Reputation: 125942
I've got a PostgreSQL table of geographic nodes
, each of which has a latitude
and longitude
. If any two nodes are less than 1 km apart, there's a good chance that one of them was created erroneously.
How can I detect this?
The "brute force" way is basically, "for each node, examine each other node and see how far it is from the first one. If it's less than 1 km, add the pair to a list."

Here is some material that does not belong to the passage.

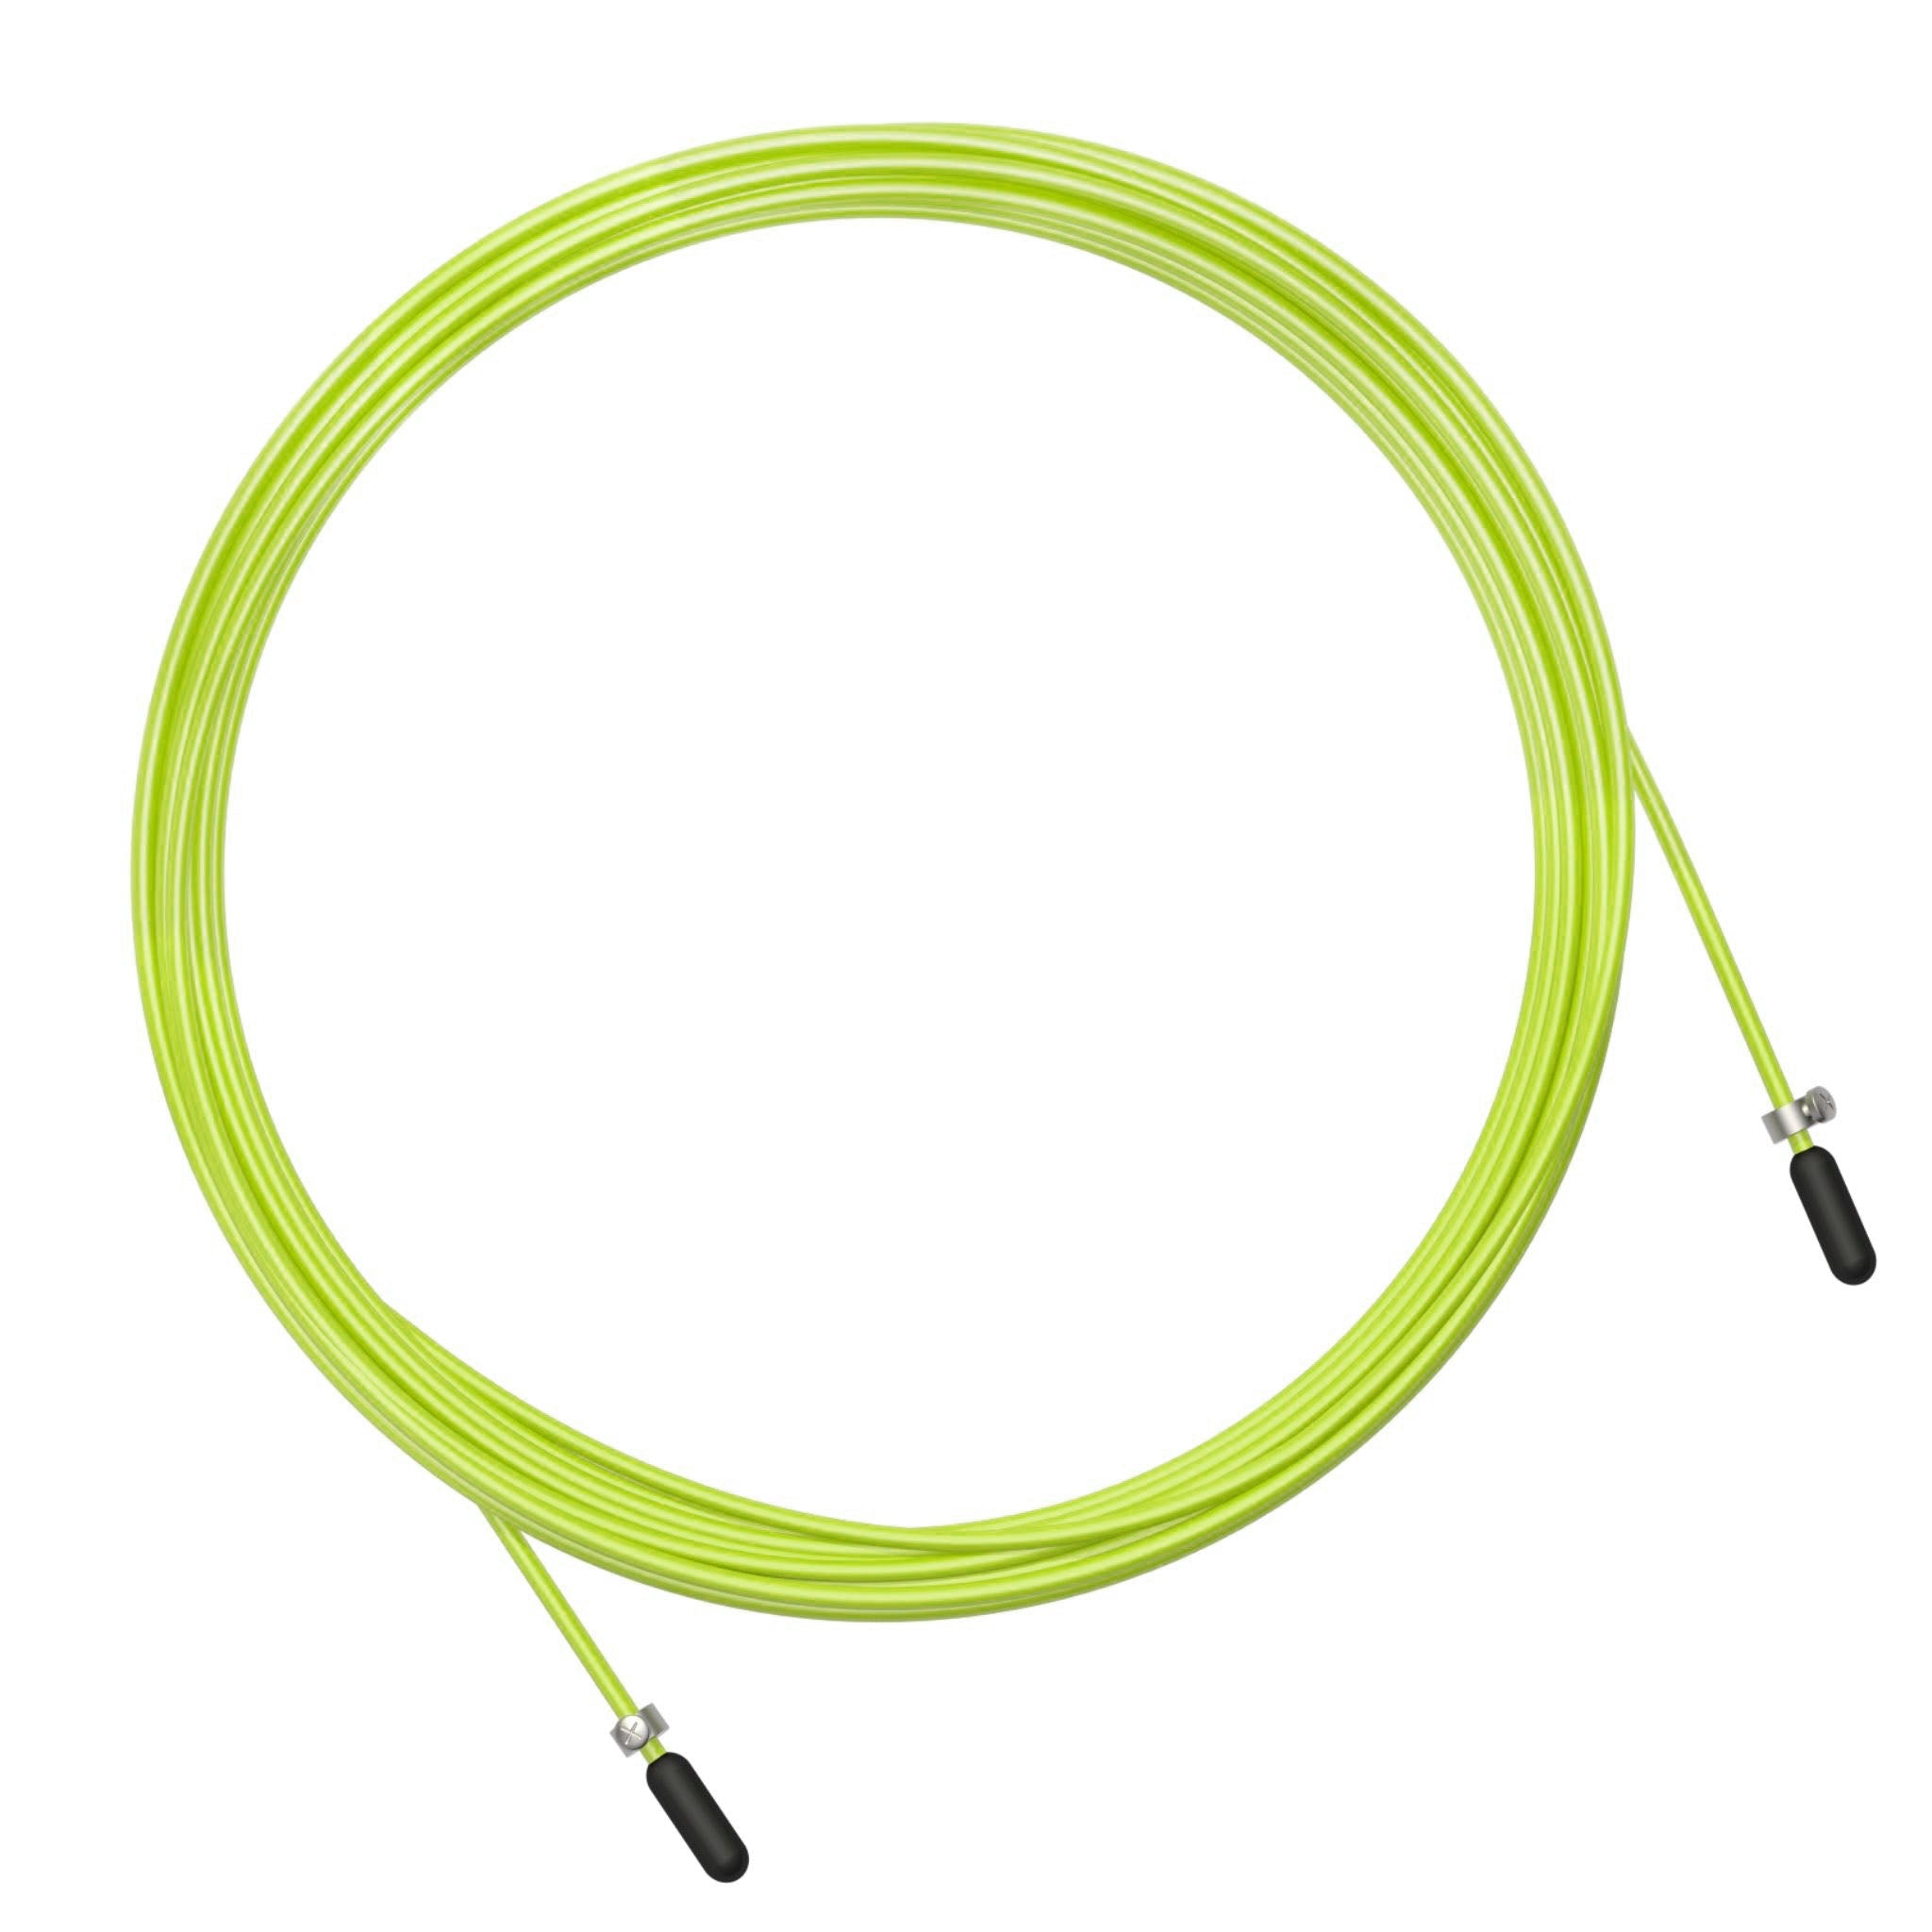 Velites Pack Comba Fire 2.0 + Cables de Velocidad - En un solo pack llévate  los 3 cables disponibles - Para tu entrenamiento funcional, cardio, fuerza  y saltos dobles - Comba Color

An SQL implementation would be:
SELECT
n1.id AS n1_id, n1.latitude AS n1_lat, n1.longitude AS n1_long,
n2.id AS n2_id, n2.latitude AS n2_lat, n2.longitude AS n2_long
FROM
nodes n1
INNER JOIN nodes n2 ON (
n1.id != n2.id
AND earth_distance(
ll_to_earth(n1.latitude, n1.longitude),
ll_to_earth(n2.latitude, n2.longitude)
) < 1000
)
This is horribly slow; for N nodes, there are roughly N2 pairs to examine. On my database, it's infeasible to do this.
Upvotes: 1
Views: 183
Reputation: 425043
To find all nodes without a nearby other node, use an outer self-join that filters out matches for near nodes found:
SELECT n1.*
FROM nodes n1
LEFT JOIN nodes n2 ON n1.id != n2.id
AND earth_distance(
ll_to_earth(n1.latitude, n1.longitude),
ll_to_earth(n2.latitude, n2.longitude)
) < 1000
WHERE n2.id IS NULL
That should run in an acceptable time. If not, you could optimuze the query considerably by pre-calculating all the ll_to_earth()

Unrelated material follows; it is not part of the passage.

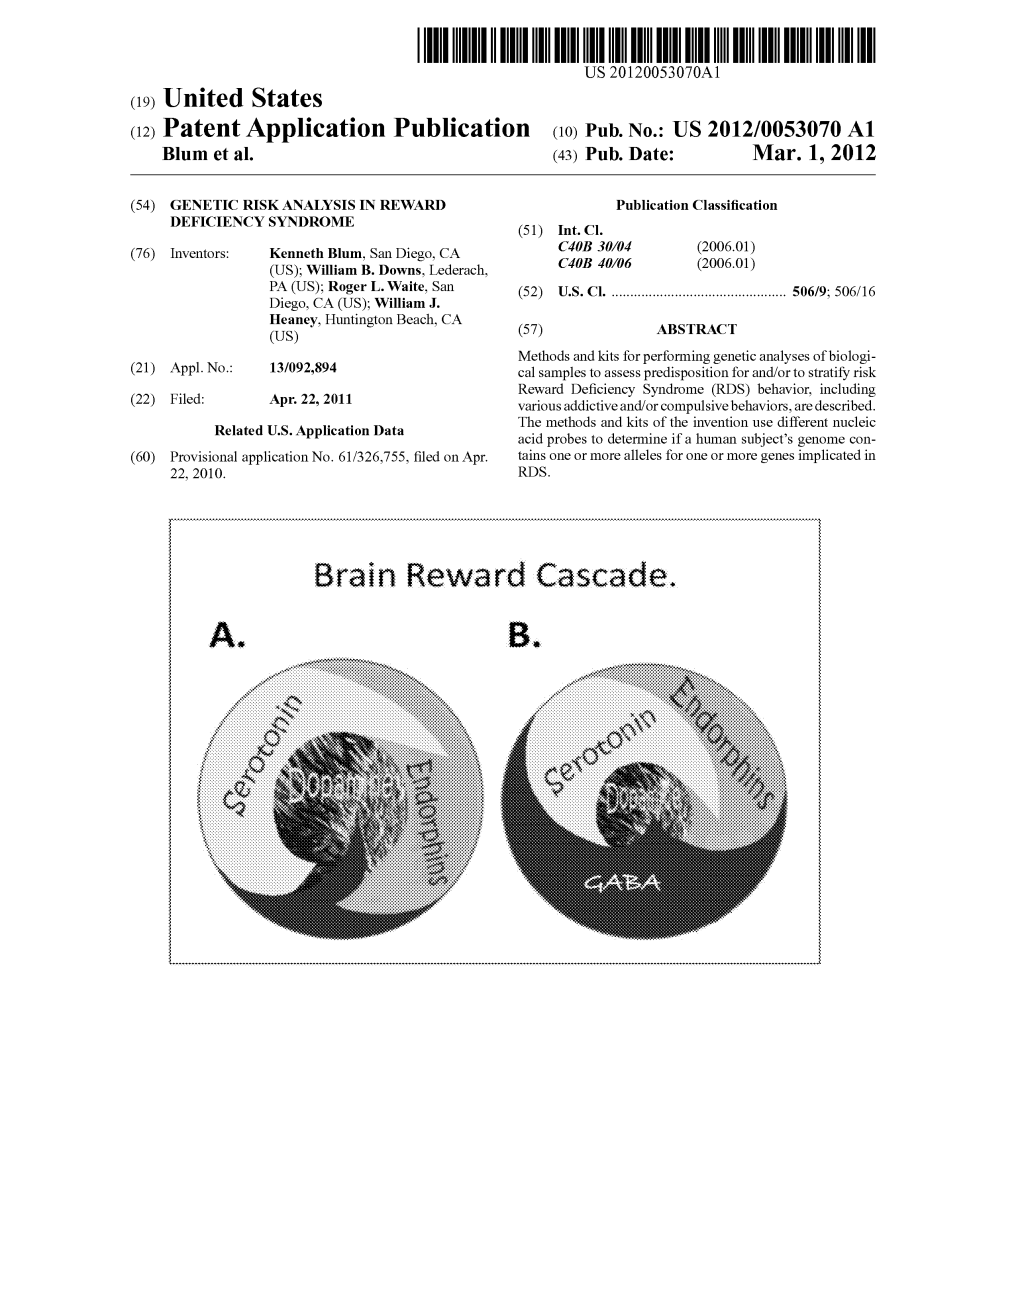 (12) Patent Application Publication (10) Pub. No.: US 2012/0053070 A1 Blum Et Al

values once for each node using a constant table expression:
WITH cte AS (
SELECT *, ll_to_earth(latitude, longitude) earth
FROM nodes
)
SELECT n1.*
FROM cte n1
LEFT JOIN cte n2 ON n1.id != n2.id
AND earth_distance(n1.earth, n2.earth) < 1000
WHERE n2.id IS NULL
That should run quite a bit faster.
Upvotes: 1
Reputation: 7320
Why don't you restrict your join to only "nearby" nodes?
Create 2 indexes on table nodes
:
CREATE INDEX I_NODES_LAT ON NODES (LATITUDE, ID);
CREATE INDEX I_NODES_LON ON NODES (LONGITUDE, ID);
ANALYZE NODES;
Second, try this way:
SELECT
n1.id AS n1_id, n1.latitude AS n1_lat, n1.longitude AS n1_long,
n2.id AS n2_id, n2.latitude AS n2_lat, n2.longitude AS n2_long
FROM
nodes n1
INNER JOIN nodes n2 ON n1.id != n2.id
-- the trick is to get only nearby nodes.
-- You can mess with "0.1" to restrict even more... It is just as guess...
AND N2.latitude between (N1.latitude - 0.1) and (N1.latitude + 0.1)
AND N2.longitude between (N1.longitude - 0.1) and (N1.longitude + 0.1)
WHERE
earth_distance
(
ll_to_earth(n1.latitude, n1.longitude),
ll_to_earth(n2.latitude, n2.longitude)
) < 1000
Upvotes: 1